Jean-François Copé, secrétaire général de l'UMP, a indiqué mercredi qu'il faudrait "attendre la prochaine législature" pour un nouveau texte.

Pour sa part, le gouvernement turc a immédiatement salué la décision qui "a évité une probable grave crise entre la France et la Turquie", selon le vice-Premier ministre Bülent Arinç.

Le vote du texte, définitivement adopté par le Parlement français le 23 janvier, avait entraîné une brouille diplomatique et commerciale entre Paris et Ankara. La génocide arménien est reconnu par une loi française de 2001.

Mais le Conseil constitutionnel a retoqué la loi mardi.

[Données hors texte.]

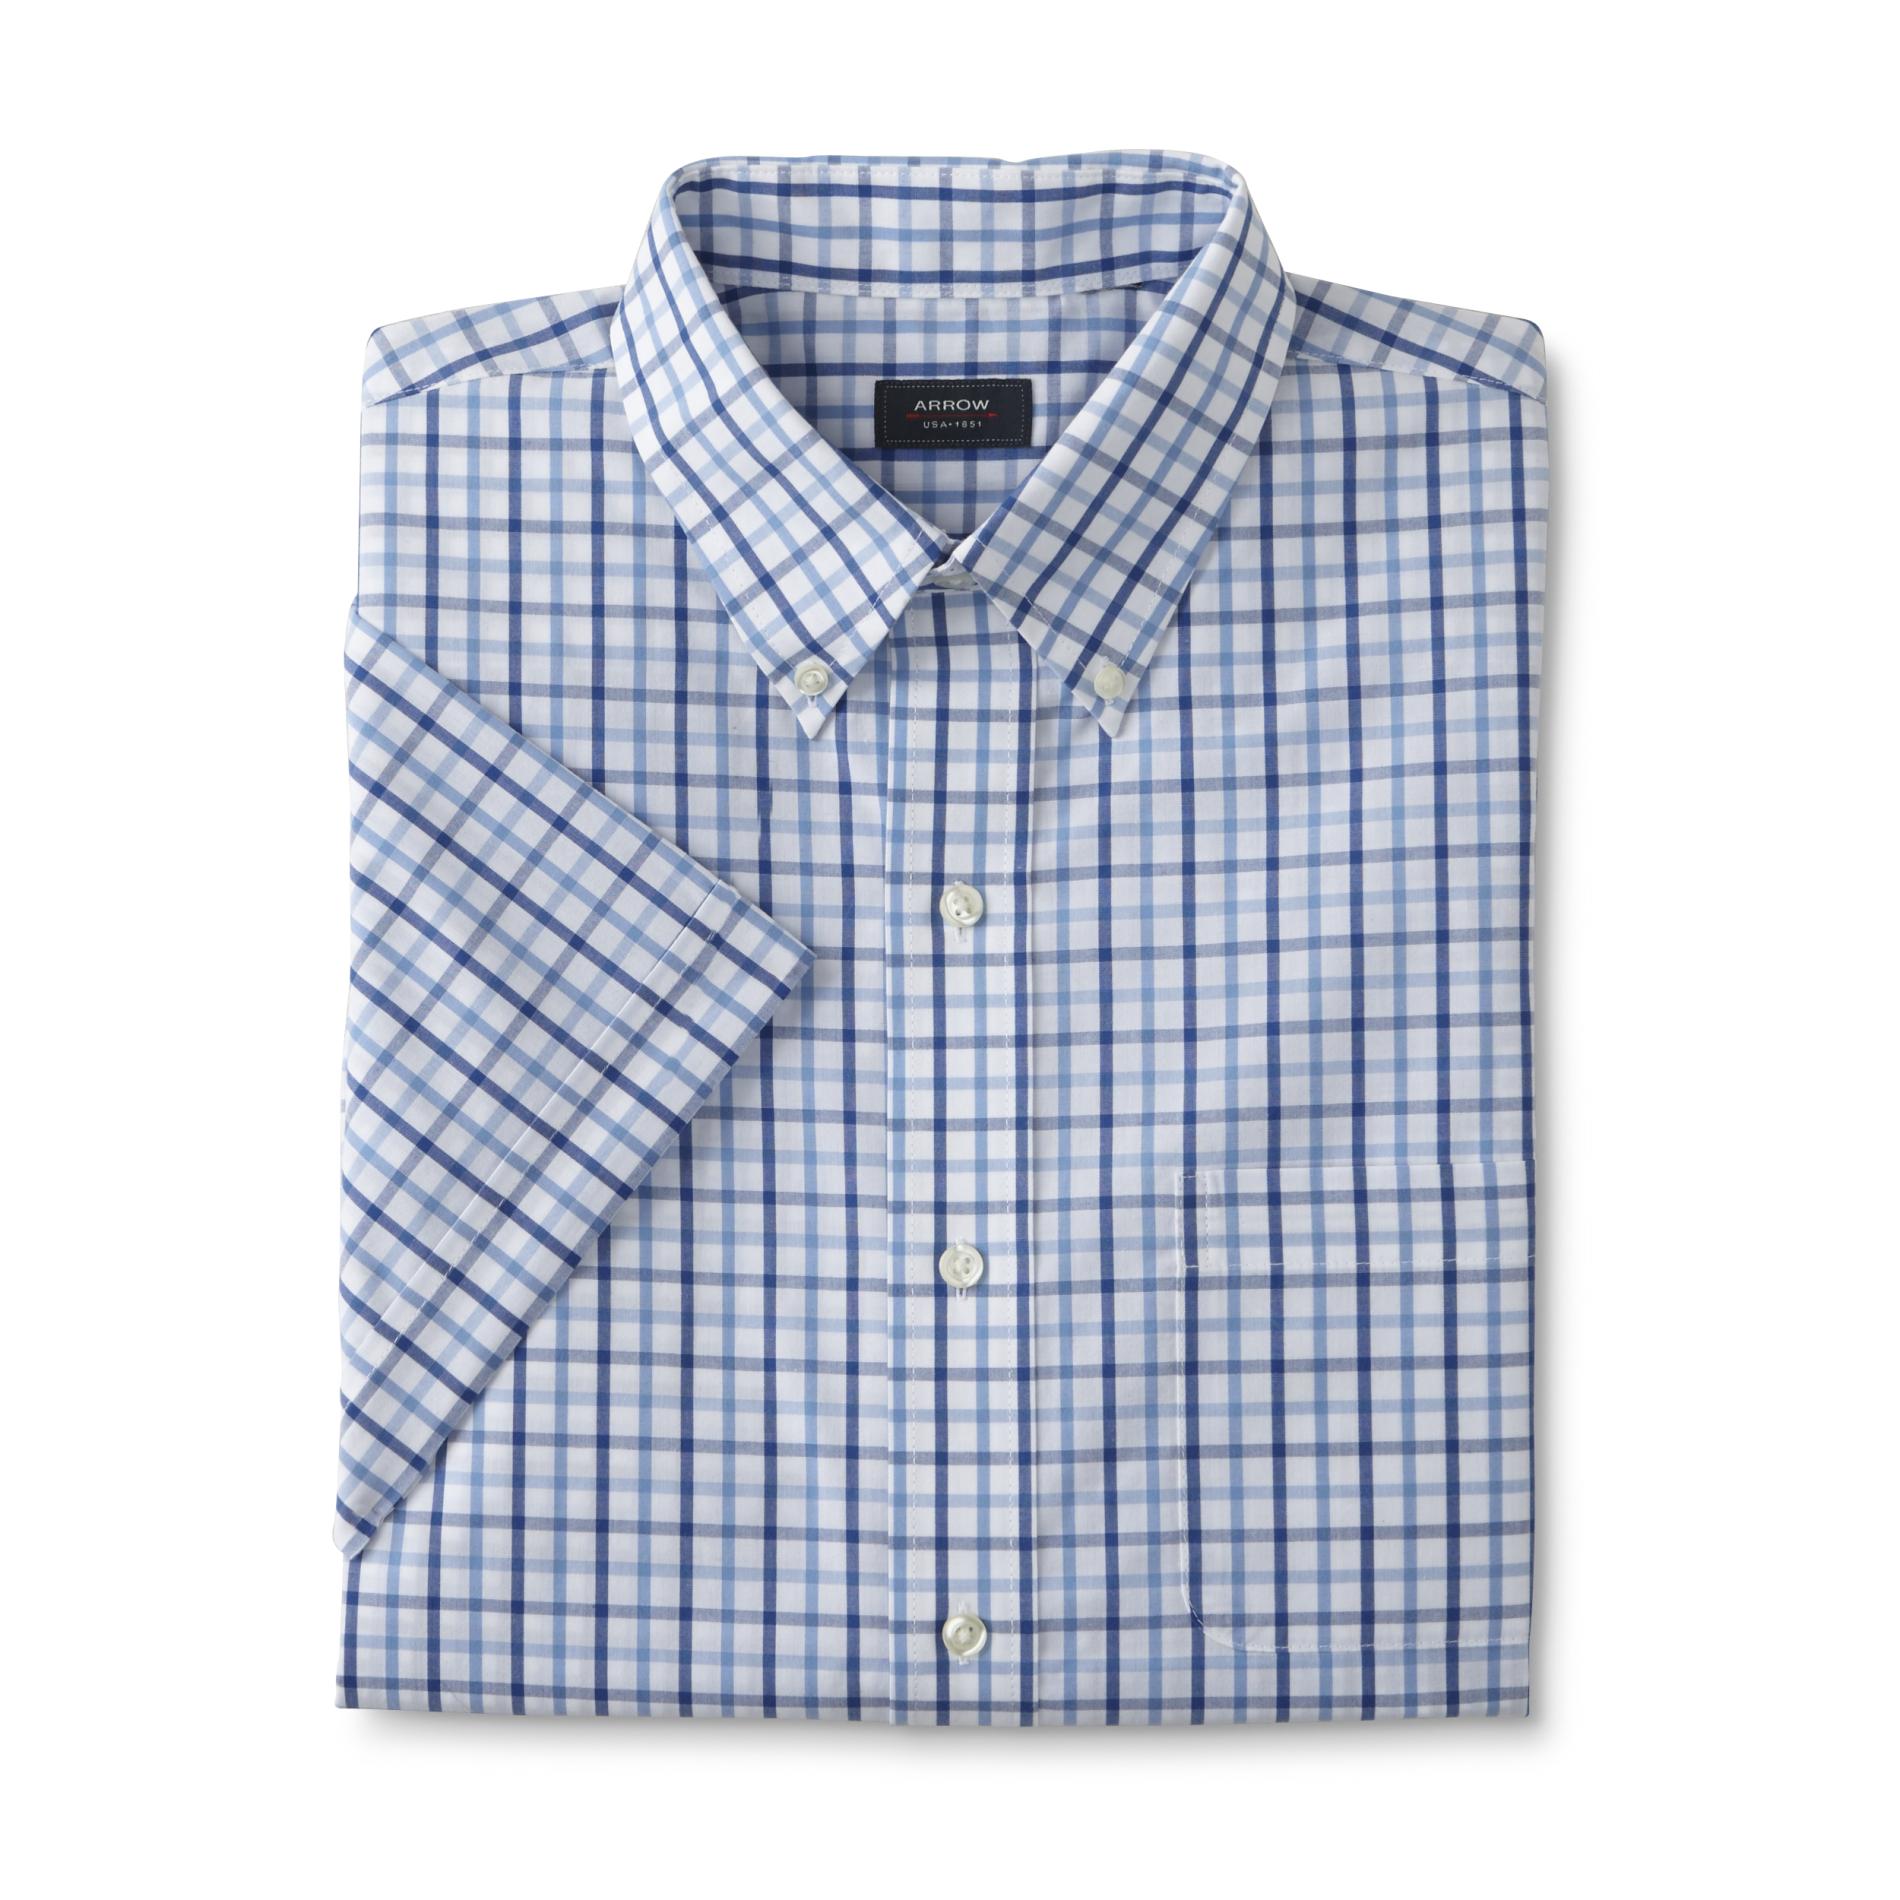 Men's Short-Sleeve Dress Shirt - Check

Les Sages ont jugé "qu'en réprimant la contestation de l'existence et de la qualification juridique de crimes qu'il aurait lui-même reconnus et qualifiés comme tels, le législateur a porté une atteinte inconstitutionnelle à l'exercice de la liberté d'expression et de communication".

La loi prévoyait de punir d'un an de prison et de 45.000 euros d'amende toute négation publique d'un génocide reconnu par la loi française.